The EU thus has a choice to make going forward. Will the EU, as was done with many former eastern bloc nations, allow these Balkan countries into the union even if they’re not yet quite up to EU-code,on the hopes that membership will allow for economic growth and financial stability and as a result of this increased rule of law and a convergence with European social and political values? This runs the inevitable risk of deepening the existing divides within the union, as one of the main forces driving Brexit was the British wanting to limit the amount of labour immigration coming from poorer European nations. Furthermore, in the event of another economic crisis hitting the world economy, the western Balkan countries would likely be among the most exposed in Europe with its underdeveloped financial systems and high public debt. At a time when some of the biggest net monetary contributors to the union, namely Germany, has expressed hesitation about the level of future financial commitment to the shared budget.
Or does the EU focus on strengthening the ties between the existing members of the union and risk looking unreliable on the world stage for breaking its promise to North Macedonia and Albania? . Not only that, but also run the risk that these countries instead turn to China and Russia for economic and political support as an alternative. In other words, risk that the western Balkans go the way of Turkey.

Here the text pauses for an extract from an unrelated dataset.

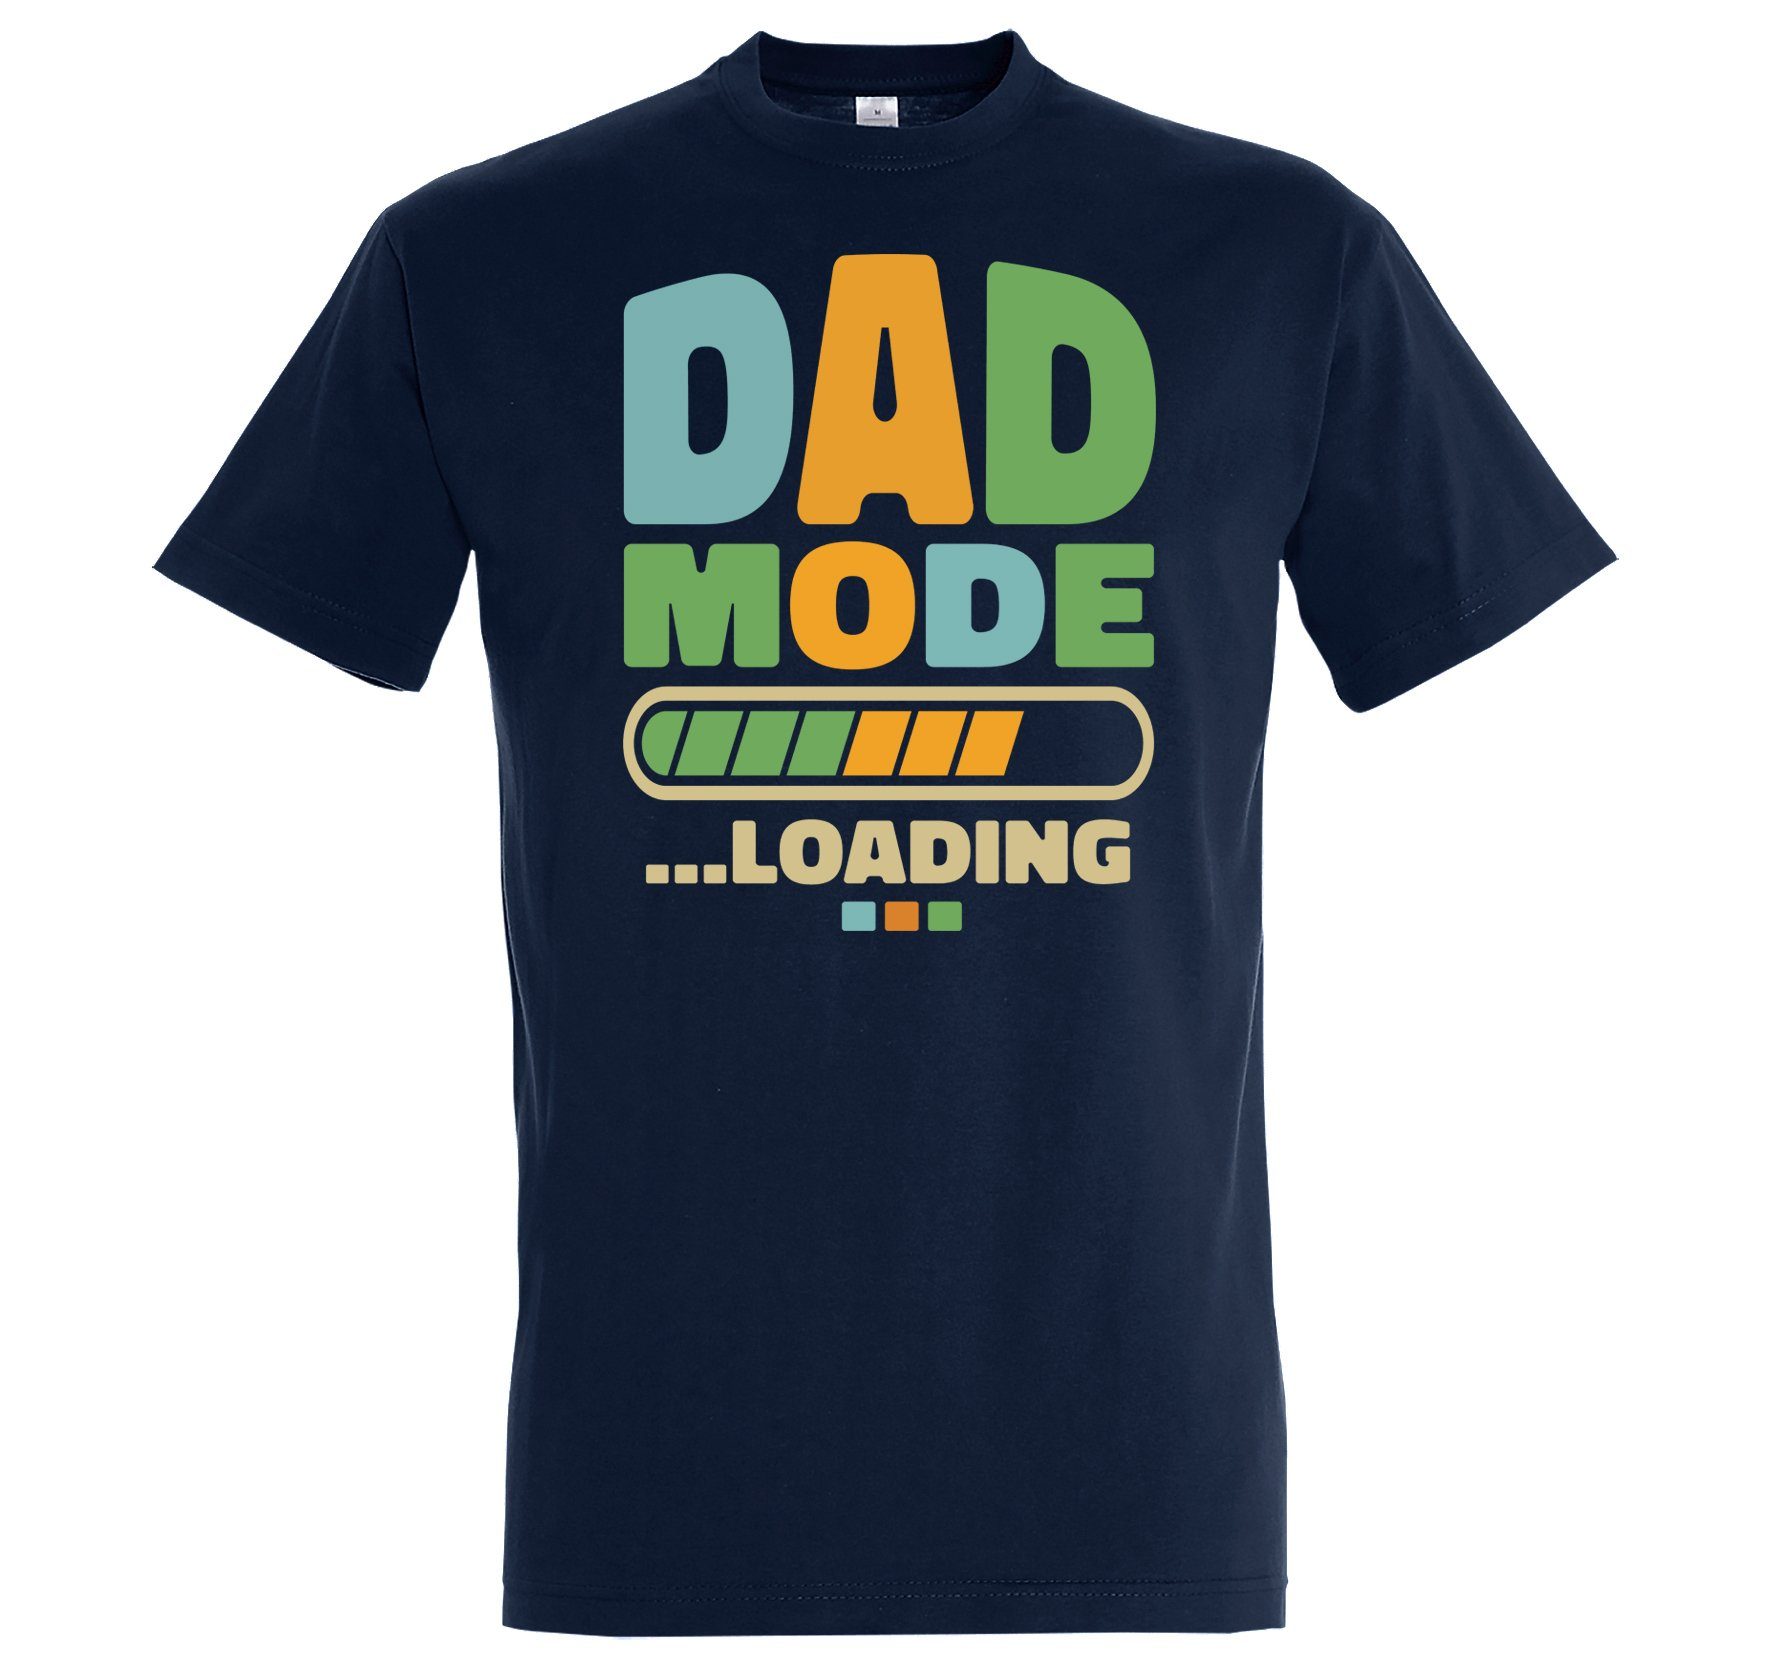 T-Shirt Shirt im Loading Youth Fun-Look Navy DAD Designz Mode Herren

Once a promising candidate for membership into the union. The country began shifting in a strong man/ authoritarian direction following years of delay and backtracking on the part of the EU and is now seeking closer ties with Russia. While, at the same time, leaving the economy on shaky footing and threatens to drag the European economy down with it, should it fail. No doubt these are interesting times for the decision makers in Brussels and Paris.